* **Entries provided**
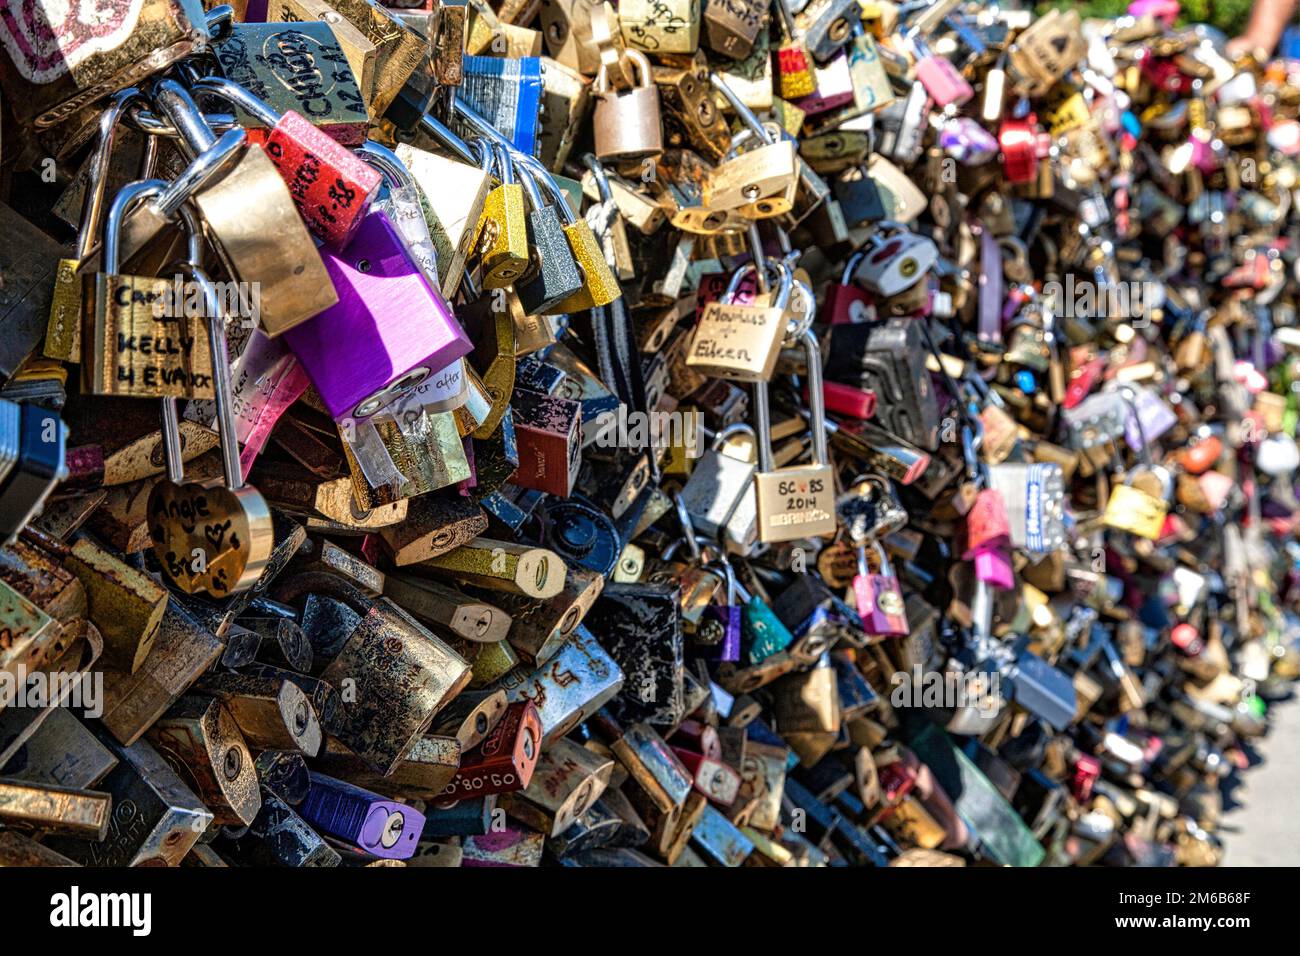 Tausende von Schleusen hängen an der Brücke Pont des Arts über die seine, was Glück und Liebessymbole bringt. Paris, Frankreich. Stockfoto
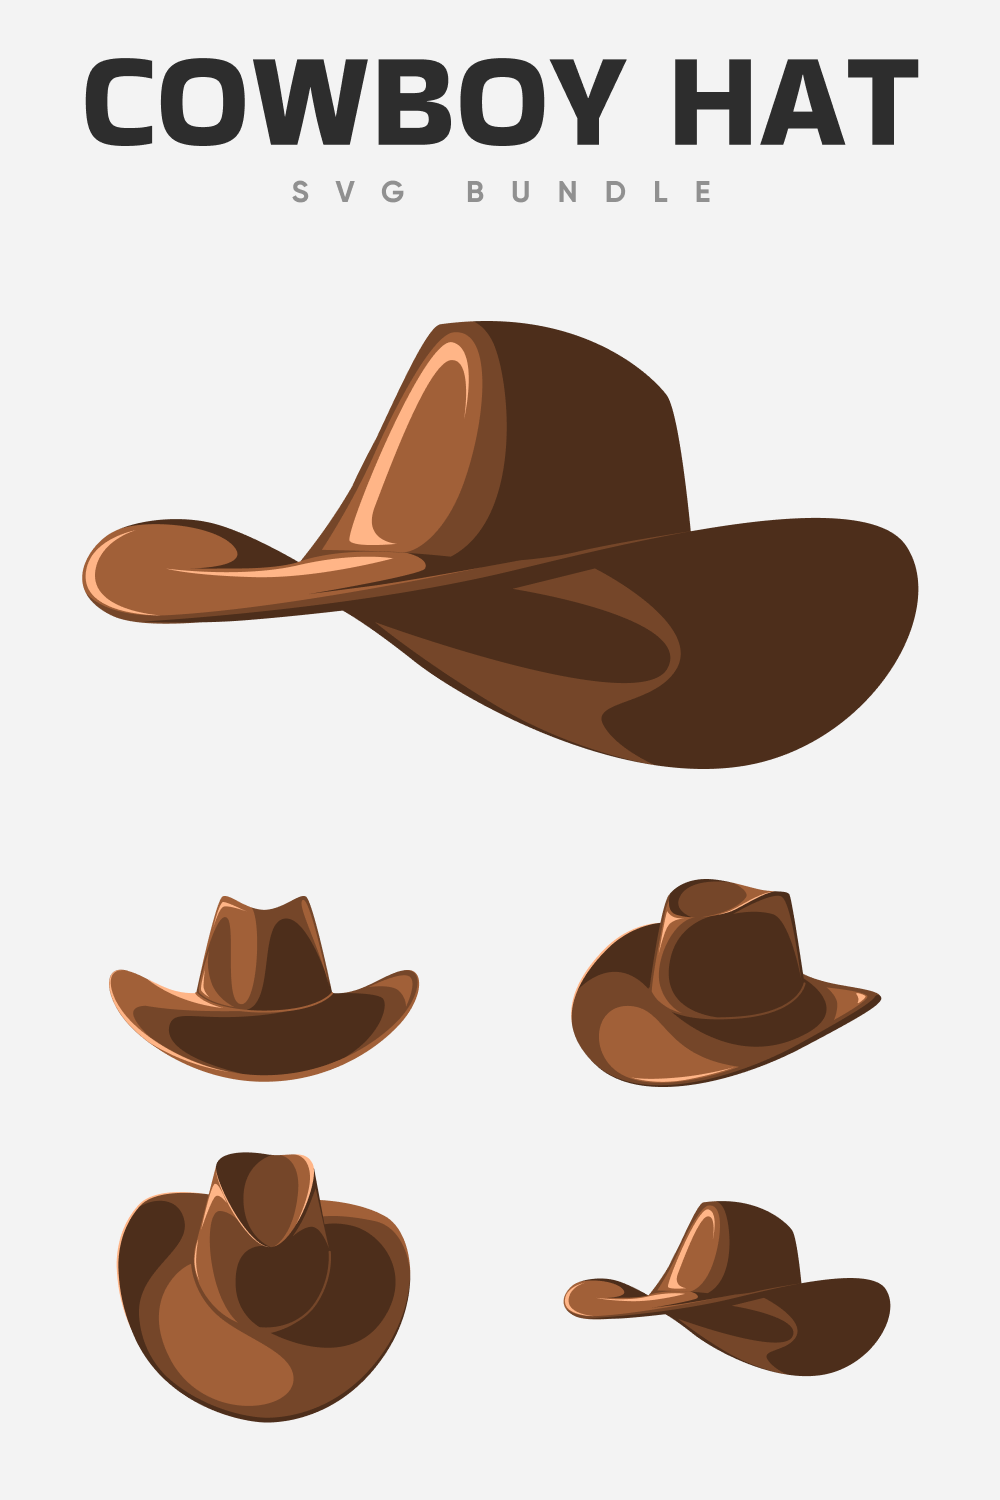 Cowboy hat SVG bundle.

---

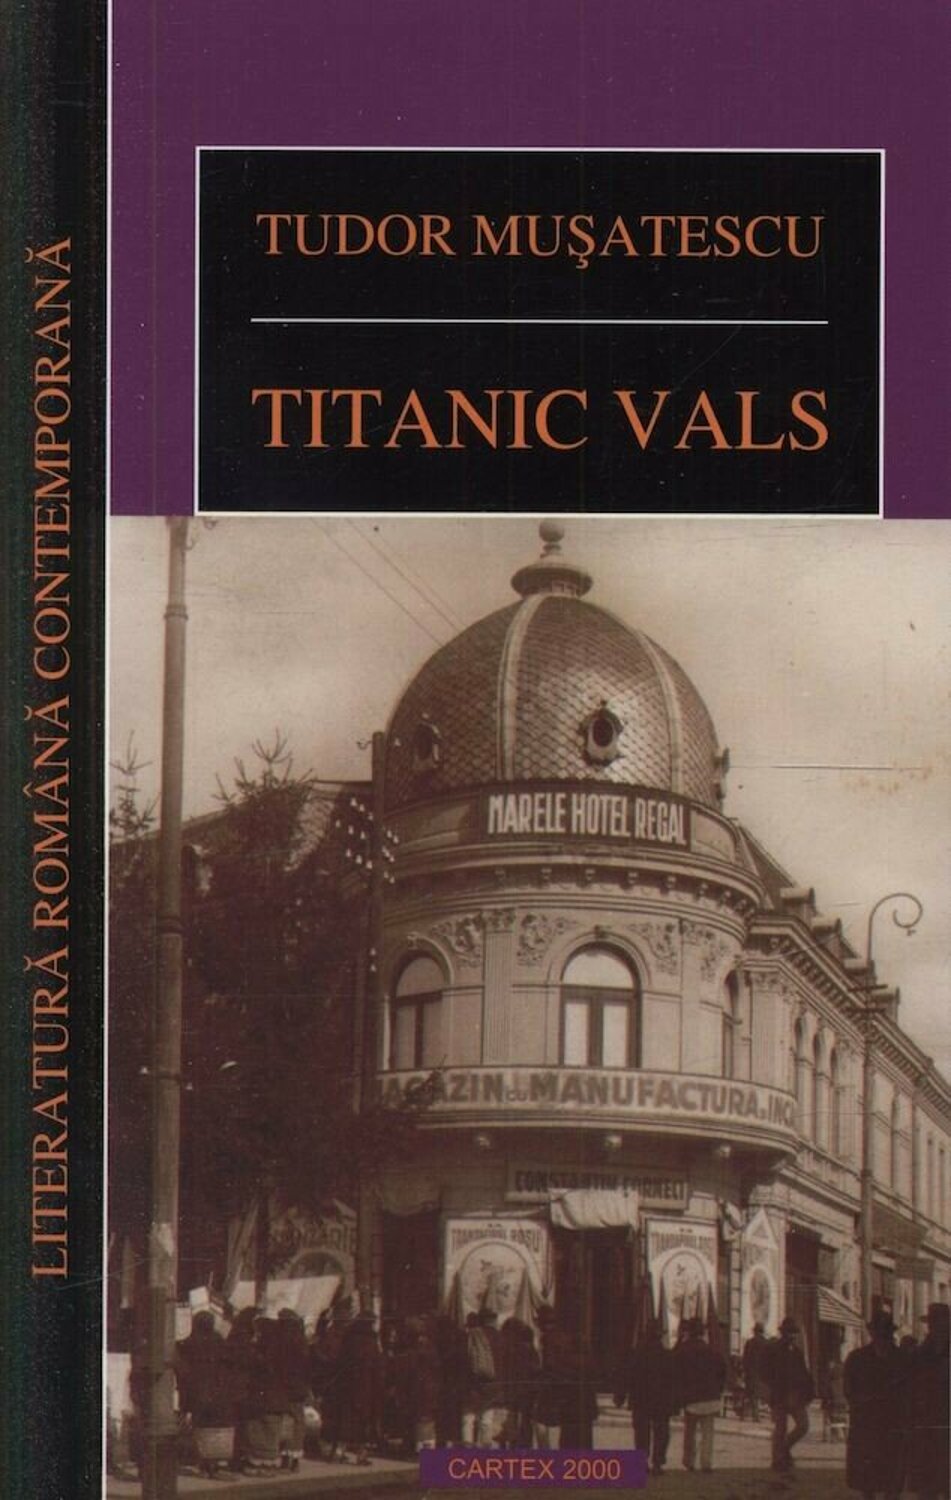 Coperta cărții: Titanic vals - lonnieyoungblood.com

* * *

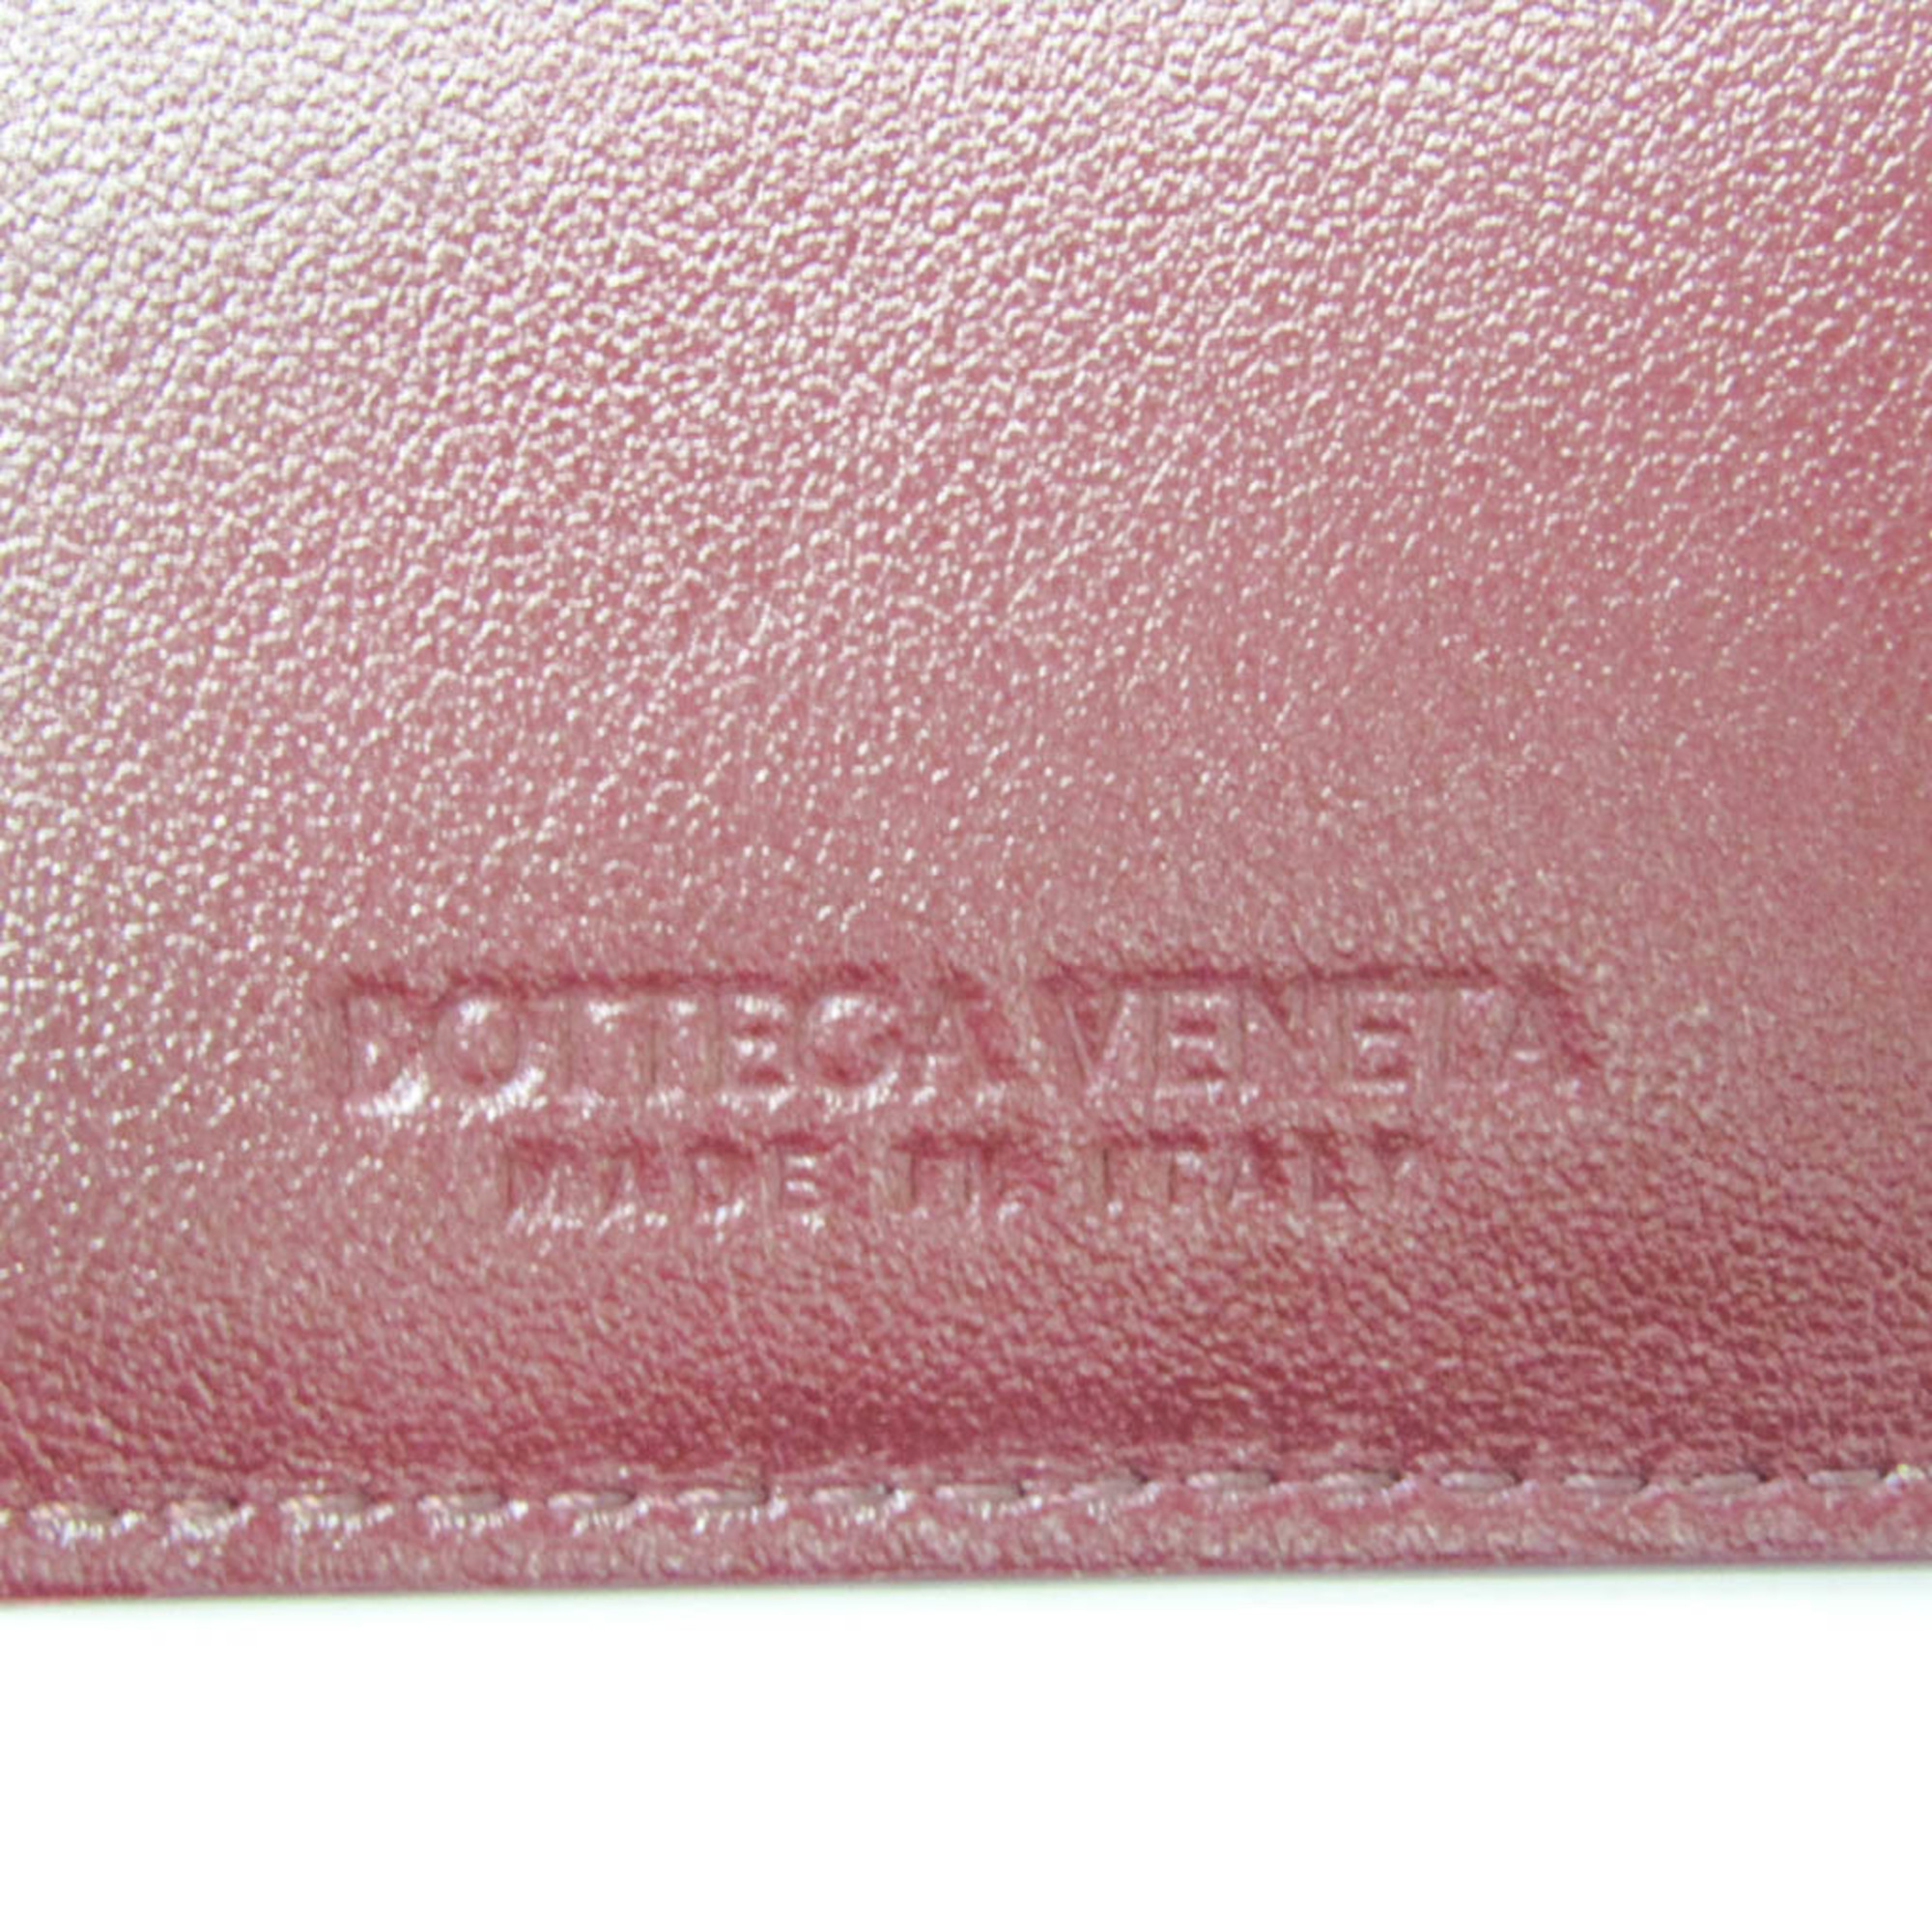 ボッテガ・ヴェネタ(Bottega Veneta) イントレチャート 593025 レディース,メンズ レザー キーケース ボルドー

* **Problem requirements**
Write out word for word the lines of the listing above from the line with "Tausende von Schleusen" to the line with "Cowboy hat SVG bundle.", taking in both of those lines but no pictures.

* **Response area**
 Tausende von Schleusen hängen an der Brücke Pont des Arts über die seine, was Glück und Liebessymbole bringt. Paris, Frankreich. Stockfoto
 Cowboy hat SVG bundle.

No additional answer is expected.